Tom Partridge describes himself as “a disabled senior citizen.” He’s also a self-appointed community conscience who often scolds public officials for not doing enough to support progressive causes. “Tom has made personal comments about Republicans in general and about me in particular,” says exasperated county commissioner Mark Ouimet. “Every single meeting, he makes personal attacks to Mark and myself,” agrees Lodi Republican Jessica Ping. “He even said I don’t pay attention to transportation issues—and I personally gave him a ride home!”

But it wasn’t the Republican commissioners who decided to do something about Partridge. At the first board meeting of the year, Ann Arbor Democrat Conan Smith introduced an amendment cutting individual comments at meetings of the board’s ways and means committee from five minutes to three minutes, and restricting them to topics already on the agenda.
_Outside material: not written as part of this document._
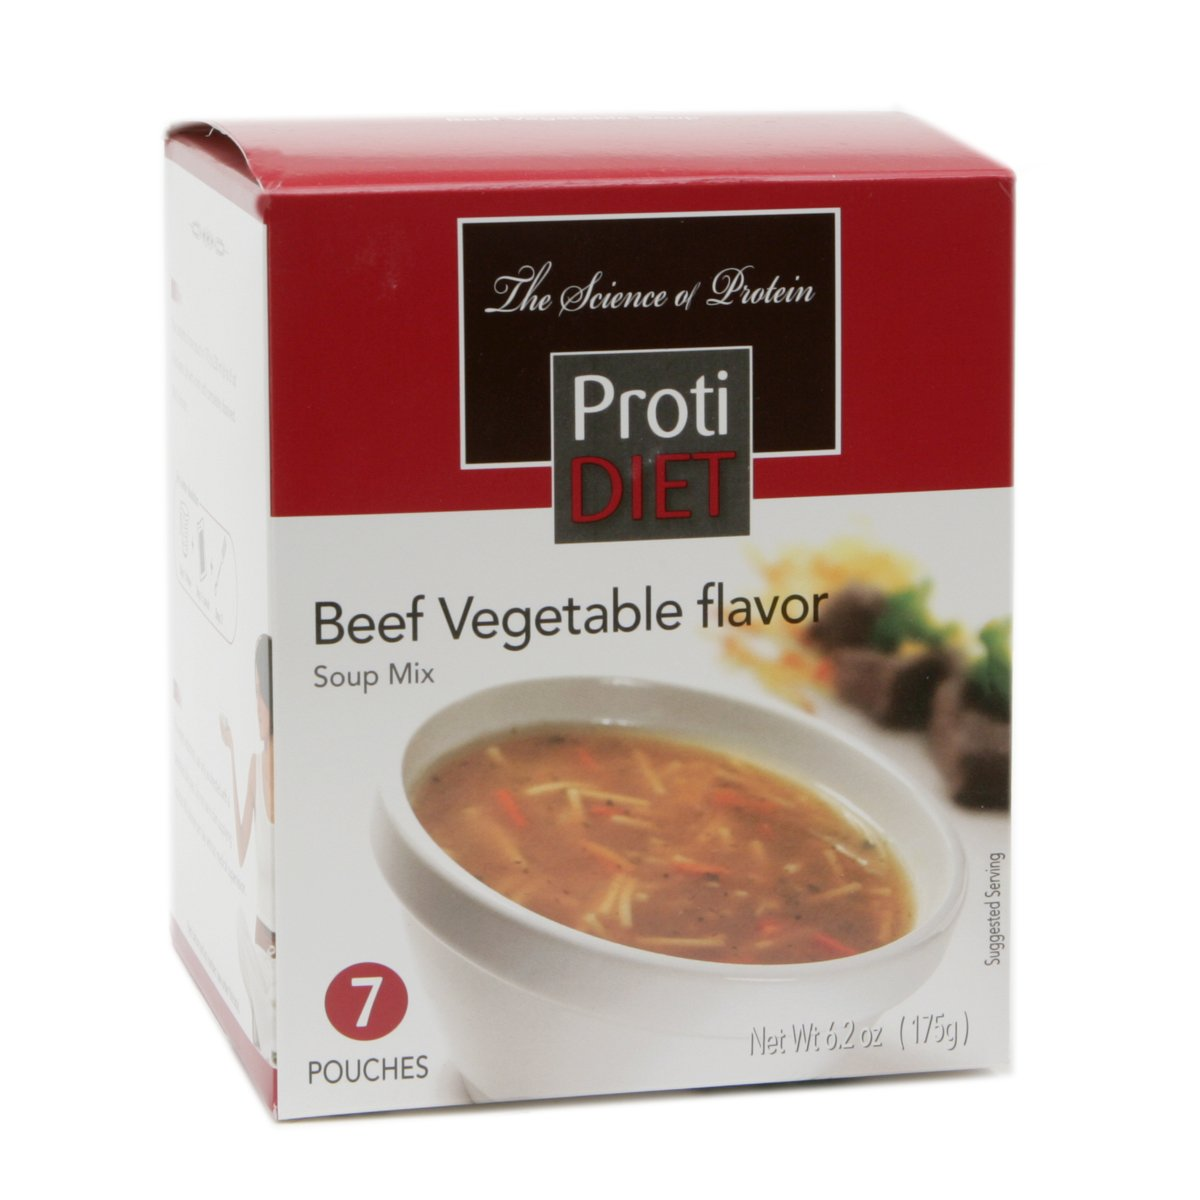 Amazon Com Protidiet Beef Vegetable Flavor Protein Soup Mix 7 6 2 Oz Pouches Health Personal Care

It passed with only two dissenting votes. “People who presume that public comment is the way to change things, they’re deluding themselves,” Smith argues. “My goal is to restructure public engagement so citizens are in the process from beginning through the media, public forums, and small-group meetings.” But in the meantime, Smith chairs the ways and means committee—and if Tom Partridge again tries to use public comment time to denounce the commissioners, says Smith, “I’m going to gavel him down.”

“This move is anticitizen, antivoter, and antidemocratic,” protests former board chair Jeff Irwin. “Tom Partridge has just as much right as anybody to tell us we’re doing a lousy job, and he has the right to do it any way he wants.” Partridge himself says he plans to “call on the public to oppose this illegal restriction on free speech and to call on the county commission to rescind the policy.” He intends to bring it up—where else?—during public comment.